The case concerned a patient, Melanie Rabone, who took her life in April 2005 after being allowed home on two days’ leave from Stepping Hill Hospital, a facility run by Pennine Care NHS Trust where she was a voluntary patient.

She was allowed home leave despite the fact she was suffering from severe depression, had been admitted to the hospital after several suicide attempts, and the hospital judged that she was a moderate to high suicide risk. Rabone’s parents had brought the case against the trust.

The court ruled that she was at immediate risk of suicide and under the trust’s responsibility and control, meaning its duty under Article 2 was engaged; any distinction between Rabone and a detained patient was “one of form, not substance”.
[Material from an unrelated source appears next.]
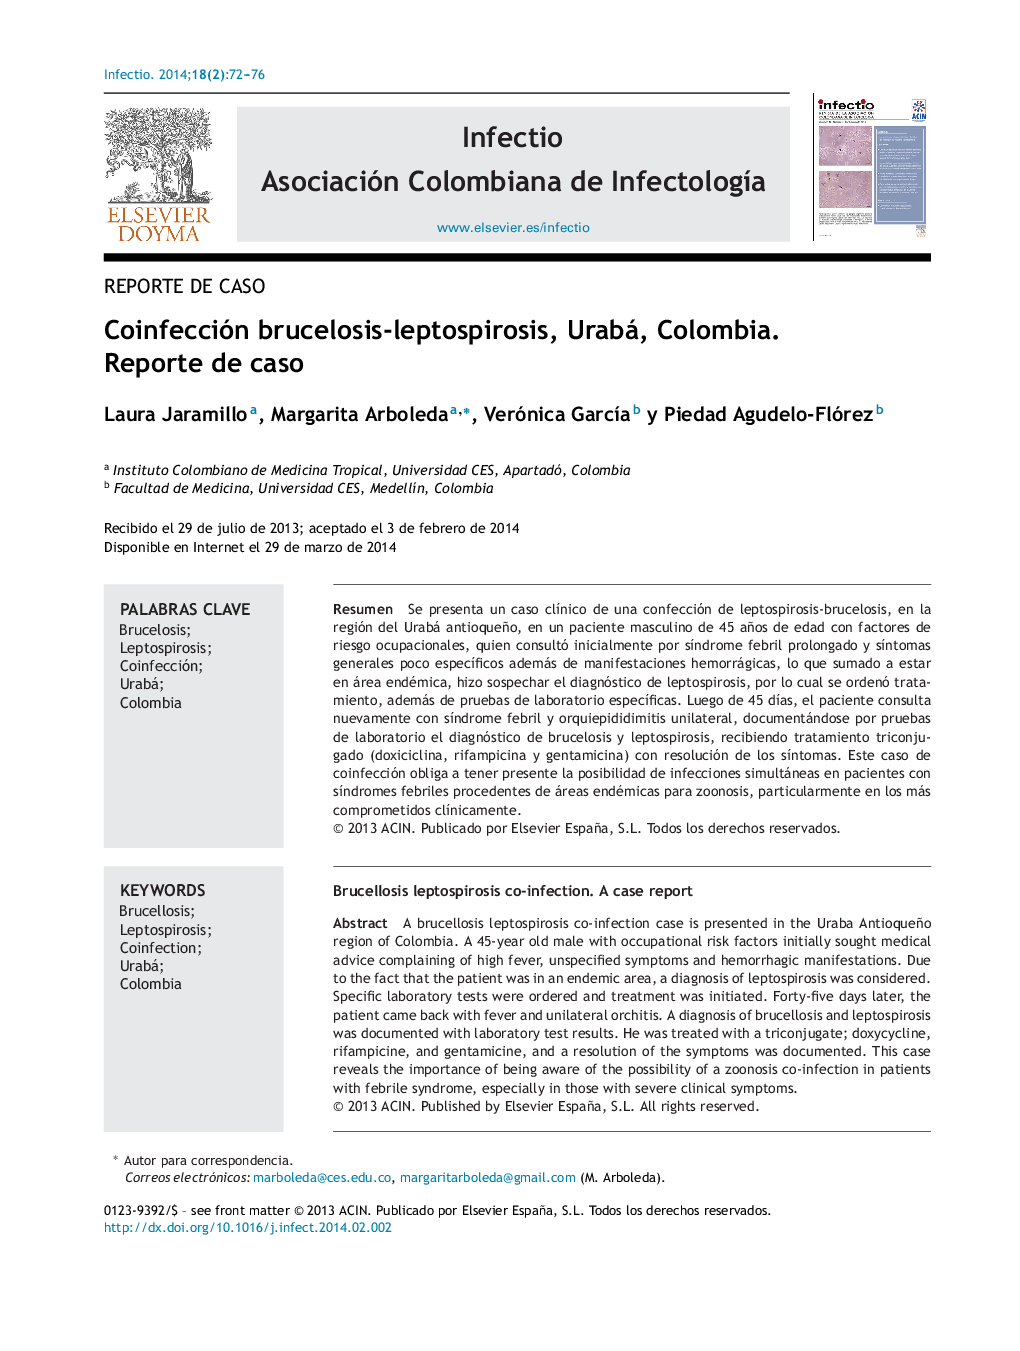 Coinfección brucelosis-leptospirosis, Urabá, Colombia. Reporte de caso

“As the decision to allow home leave was one that no reasonable psychiatric practitioner would have made, the trust failed to do all that could reasonably have been expected to prevent the real and immediate risk of Melanie’s suicide and it breached its operational duty,” it said.

Rabone’s parents have been awarded £5,000 each in damages. 

In a statement, the trust said: “All those involved in this litigation have had the deepest sympathy for the Rabone family and the tragic circumstances surrounding Melanie’s death in 2005.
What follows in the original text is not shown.